A Cold Christmas Night

Last night, three days after the Toronto Ice Storm, Santa brought us astronomers a Christmas gift: Clear Skies! Therefore, I decided to take advantage of it.

My goal for this session was to view a rare astronomical event: the occulation (blockage) of a star by an asteroid. The star was a 10.4 magnitude star (not very bright). The asteroid was a 15.4 magnitude asteroid (dimmer than the star). To see it is a slim to nil chance, but I tried.

At 10:50 pm, I took my telescope out in the bitter cold and got it ready to view the stars in the snow. For the first time, I was able to align the telescope using the SkyAlign feature. In previous sessions, I failed to align the telescope using the SkyAlign feature. Yesterday, I succeeded in that. After aligning the telescope, I got the coordinates for the star in Ra/Dec and Alt/Az coordinates. When the telescope slewed to it, it was behind the trees. I had to readjust the telescope to view it away from the trees. When it came time, I looked into the telescope and I saw small stars. However, I don’t think I saw the star that was to be occulted. It was disappointing, but I wasn’t surprised. I was not prepared or experienced enough to find such a small and unknown object. I decided to move on to other objects on my list.

I first slewed to the bright object in the sky, Jupiter. I saw the beautiful stripes, and its 4 beautiful moons. It’s always a sight to see Jupiter. I can check it off my list now.

The next object I saw is Sirius. One fact about Sirius is that it is a double star system, with a star 2 times the size of the sun, and a white dwarf that already died. Looking at it myself, I saw the star, and I think I saw a bulge from one side of the star, which is probably Sirius B. I can’t be sure until I view it closer. I can now cross the constellation Canis Major off my list.

The next objects I observed are the two brightest stars of Orion: Betelgeuse, and Rigel. I first slewed to Betelgeuse, the bright red supergiant. It was magnificent. I next slewed to Rigel. I had to move my telescope a bit, but I was able to find it. It wasn’t as bright as Betelgeuse though. I was able to cross of Orion off my list of constellations.

I looked into the sky and saw a small cluster of stars, and I saw M45 also known as the Pleades, or the Seven Sisters. It is a star cluster that is visible to the naked eye, and is made up of 7 stars. I decided to  look at it through the telescope. Doing that, I saw the magnificence of the 7 sisters in its formation. It was awe-inspiring. I crossed it off my list under the Deep Sky Objects Category.

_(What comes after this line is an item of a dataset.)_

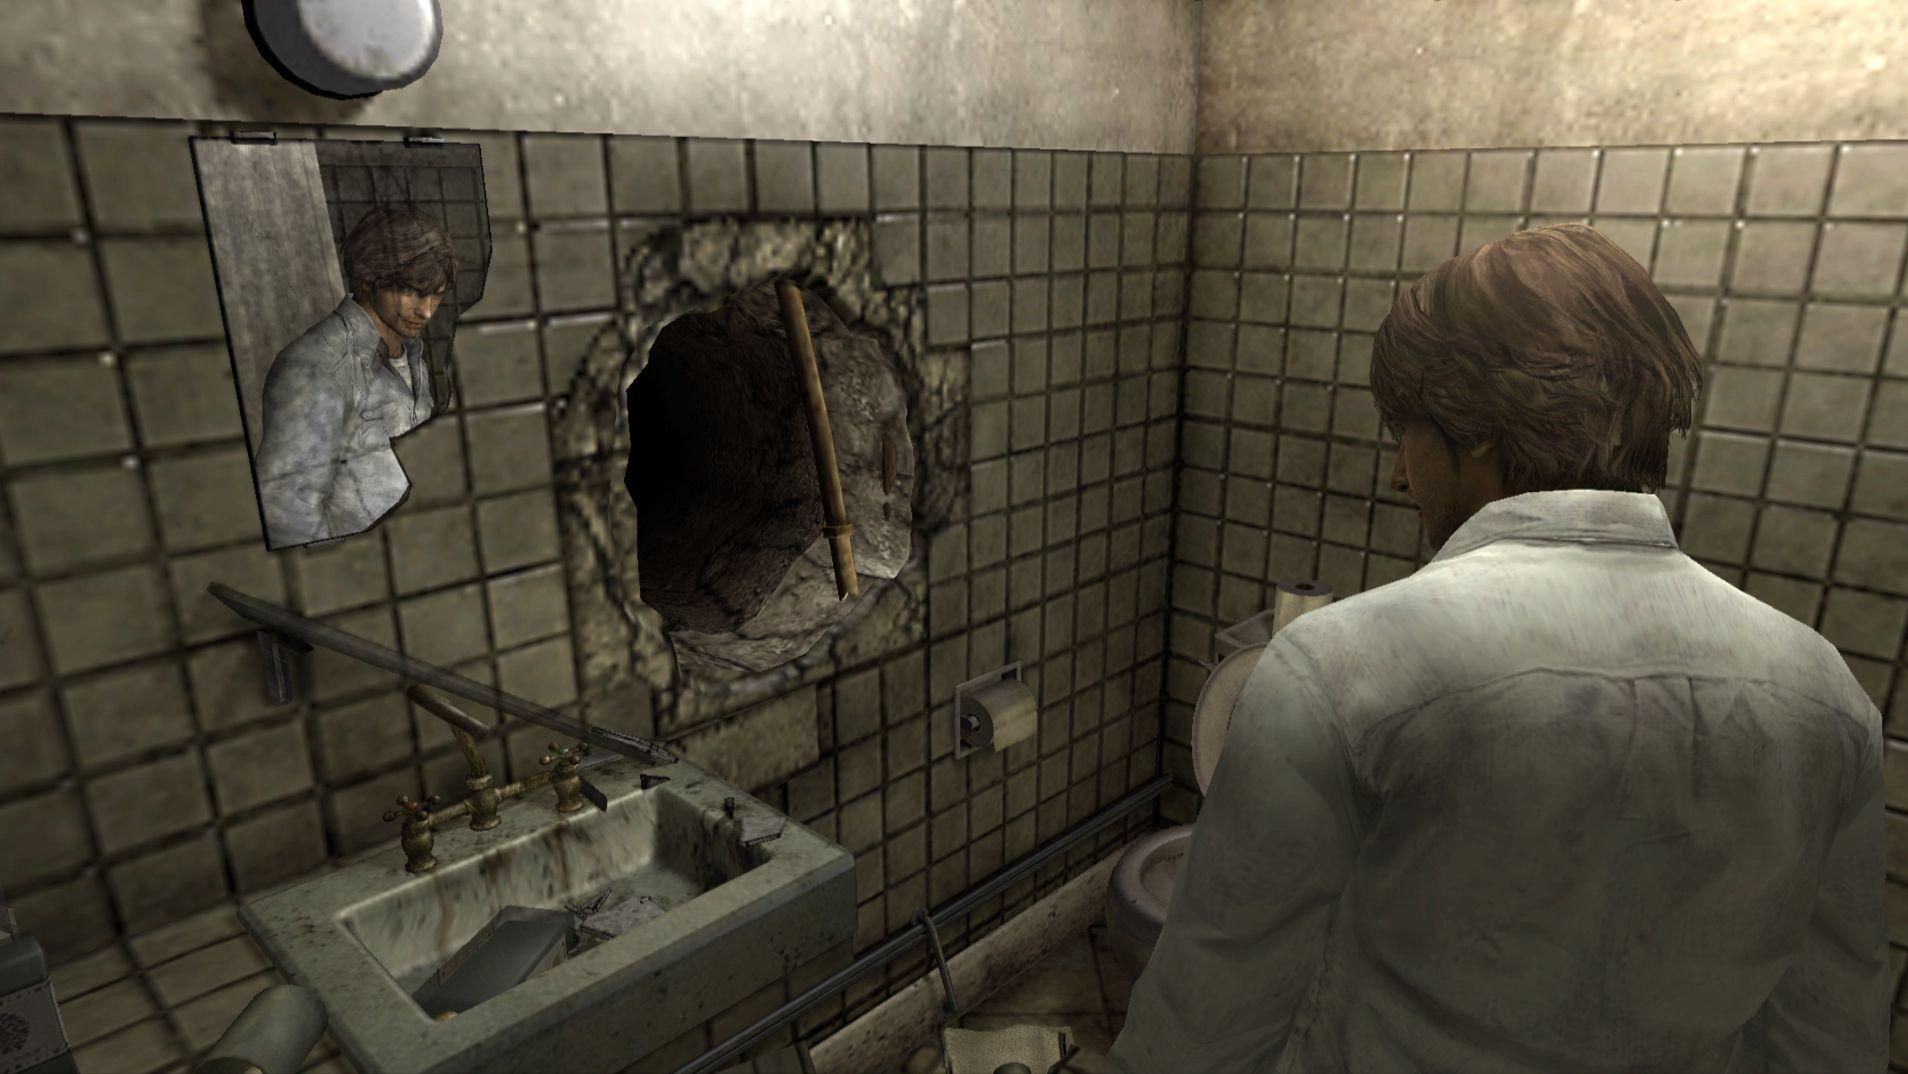 Silent Hill 4 Re-Released on PC Via GOG | Den of Geek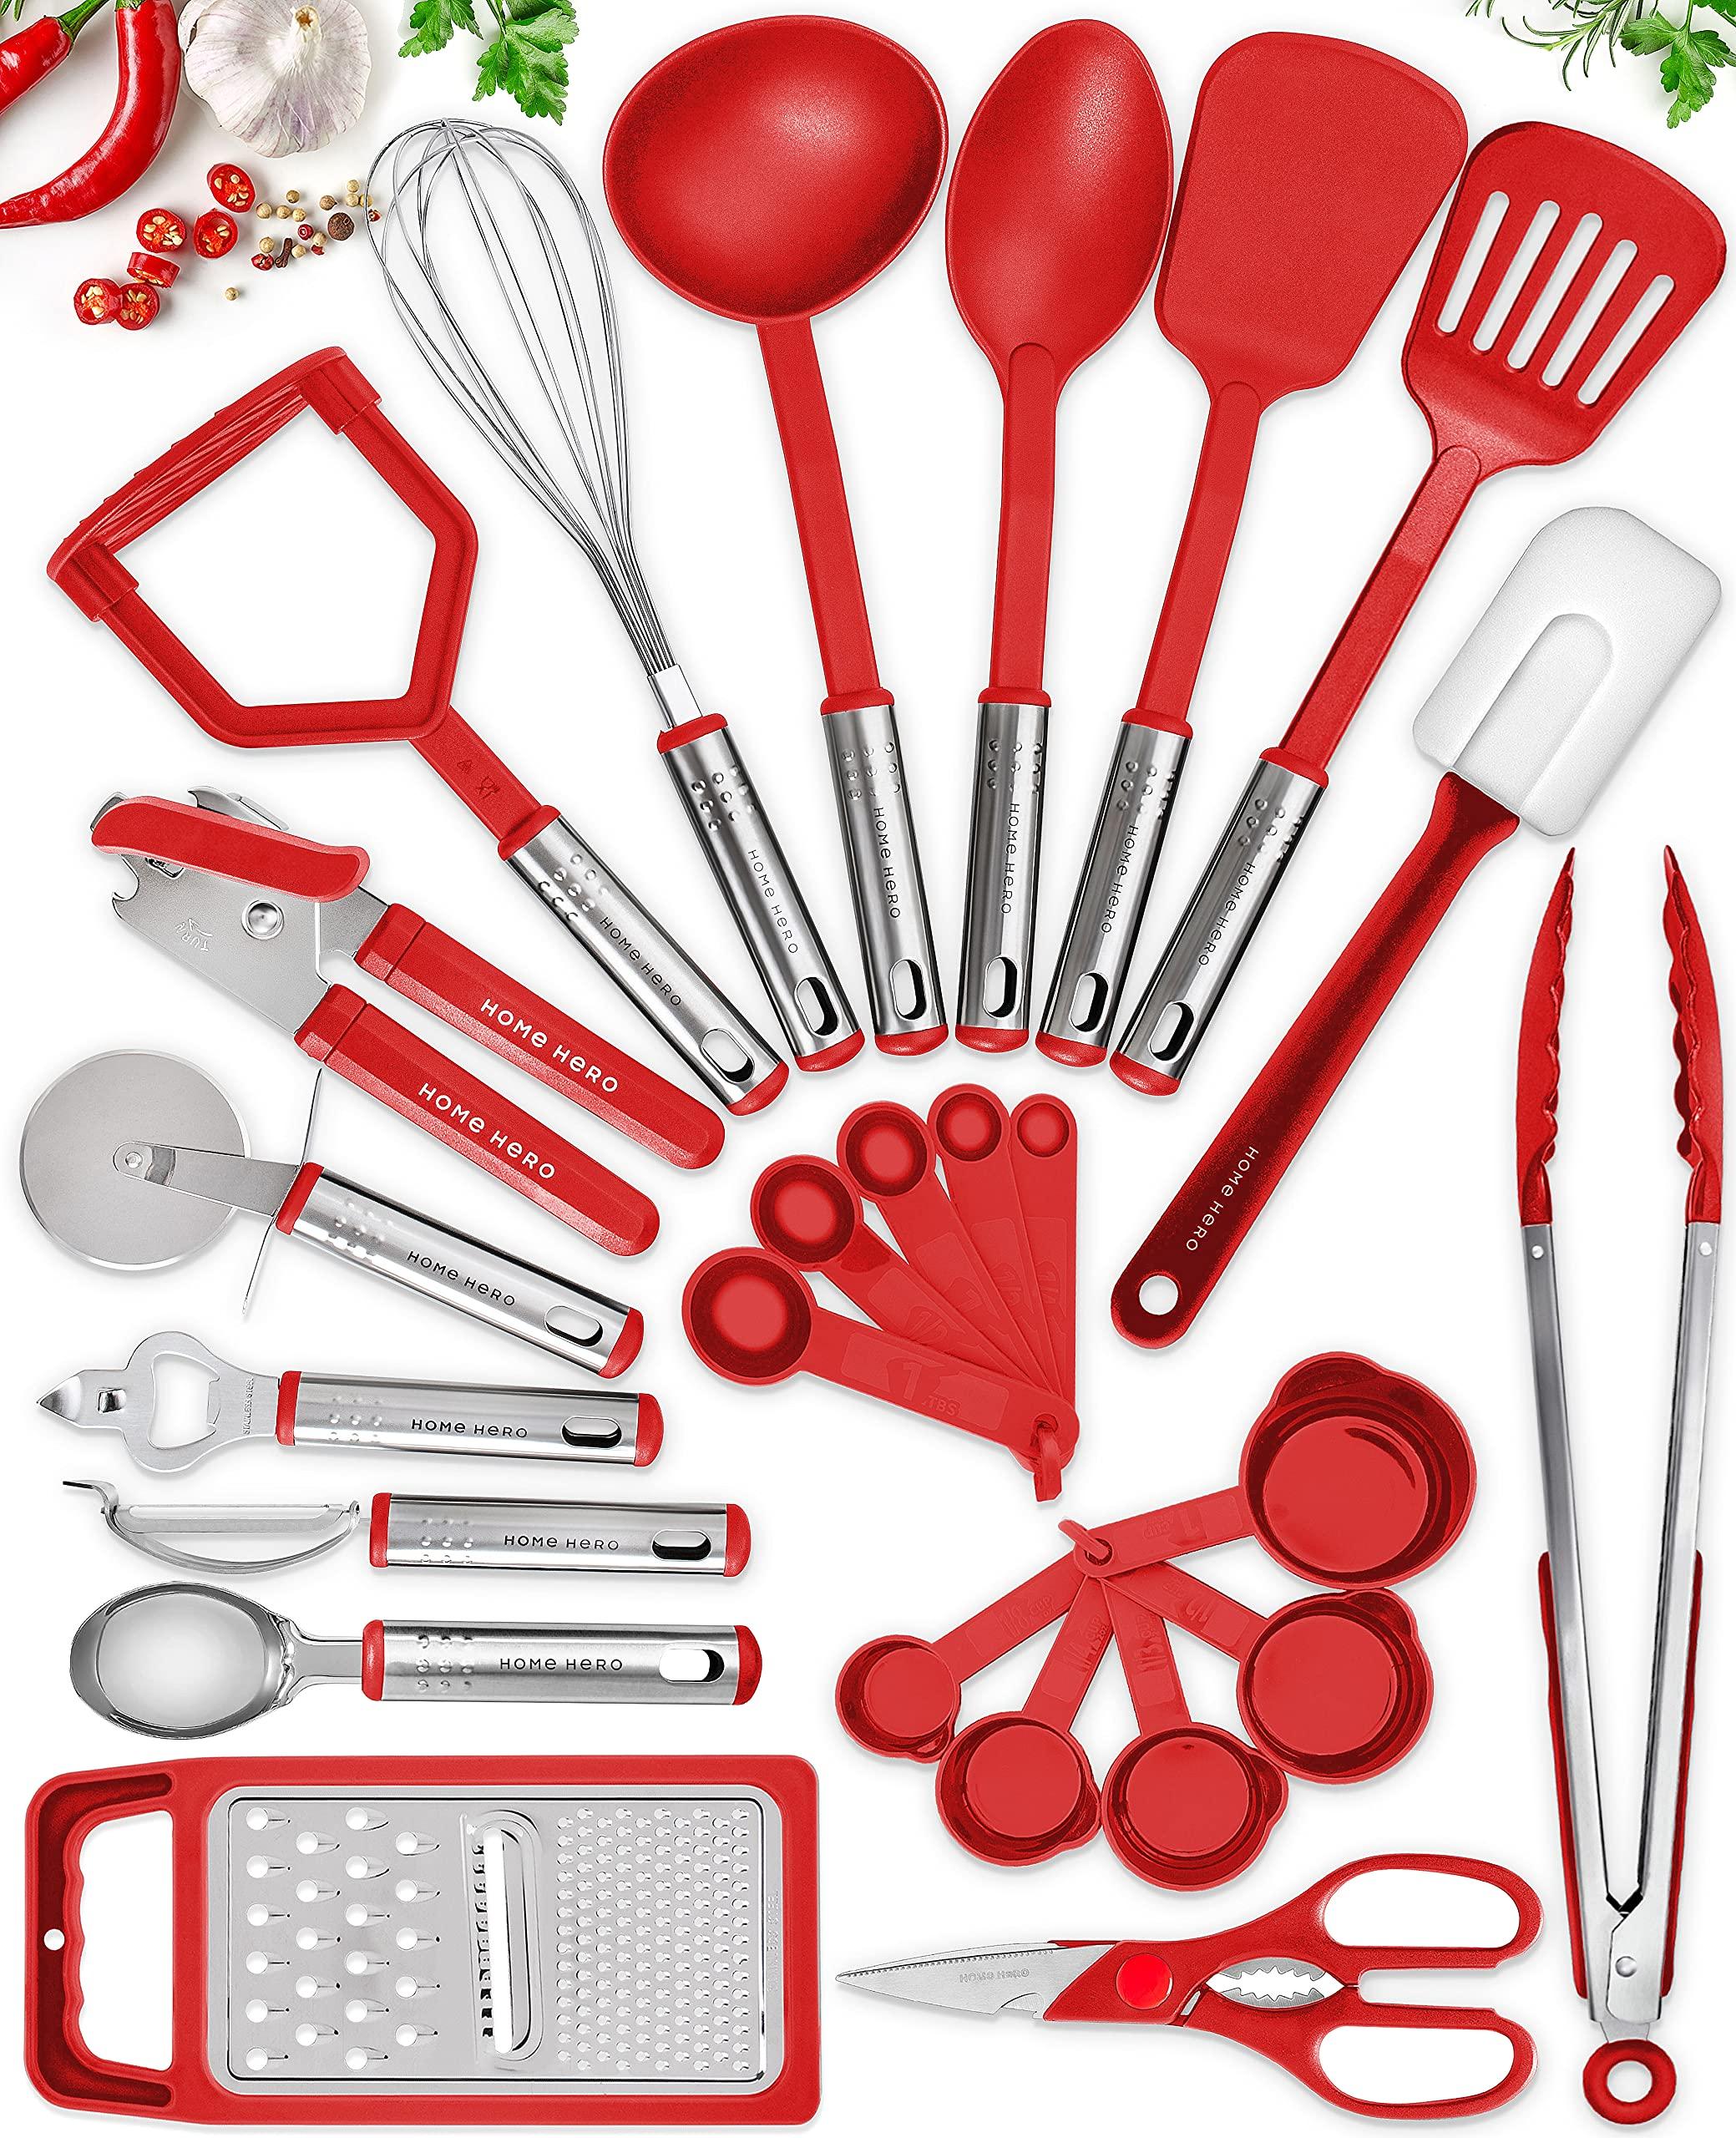 25 Kitchen Utensil Set Home Hero - Nylon Cooking Utensils - Kitchen Utensils with Spatula - Kitchen Gadgets Cookware Set -...

Remembering my previous session where I could not see the horsehead nebula due to the battery dying on my telescope, I decided to slew towards Orion’s sword, a collection of three stars that represent the sword of the mythological hunter, Orion. The vicinity of those stars are quite interesting. I see dim stars close together and in interesting patterns that one can’t see without a telescope. The most notable one that I saw was at the middle star. There I saw a dim green-tinted cloud of sorts in the sky. I have never seen that before, but I learned about it in the first few lecture videos in my Astronomy class. I believe I saw M42, otherwise known as the Orion Nebula. This was my first sighting of a nebula. I was very excited, and will explore further in the future.


The Orion Nebula through my telescope imaged using an iPhone 5s.

Continuing my journey, my telescope started to become sluggish and unresponsive, which lead me to conclude that the batteries died once more. With that, I decided to call it a day… but not before manually moving my telescope to the rising Waning Gibbous Moon through the trees. It was a very nice sight and another addition to my list.

After that, I packed up my telescope and decided to call it a night.

Overall, it was a very eye-opening experience. I tried to find a unique star event, however, I failed to find it. I was able to observe Jupiter, Sirius, Betelgeuse, Rigel, The Pleiades, the Orion Nebula, and the Waning Gibbous Moon. It was truly an interesting and productive night, which took me a step further in my astronomy adventure. I hope you will come with me.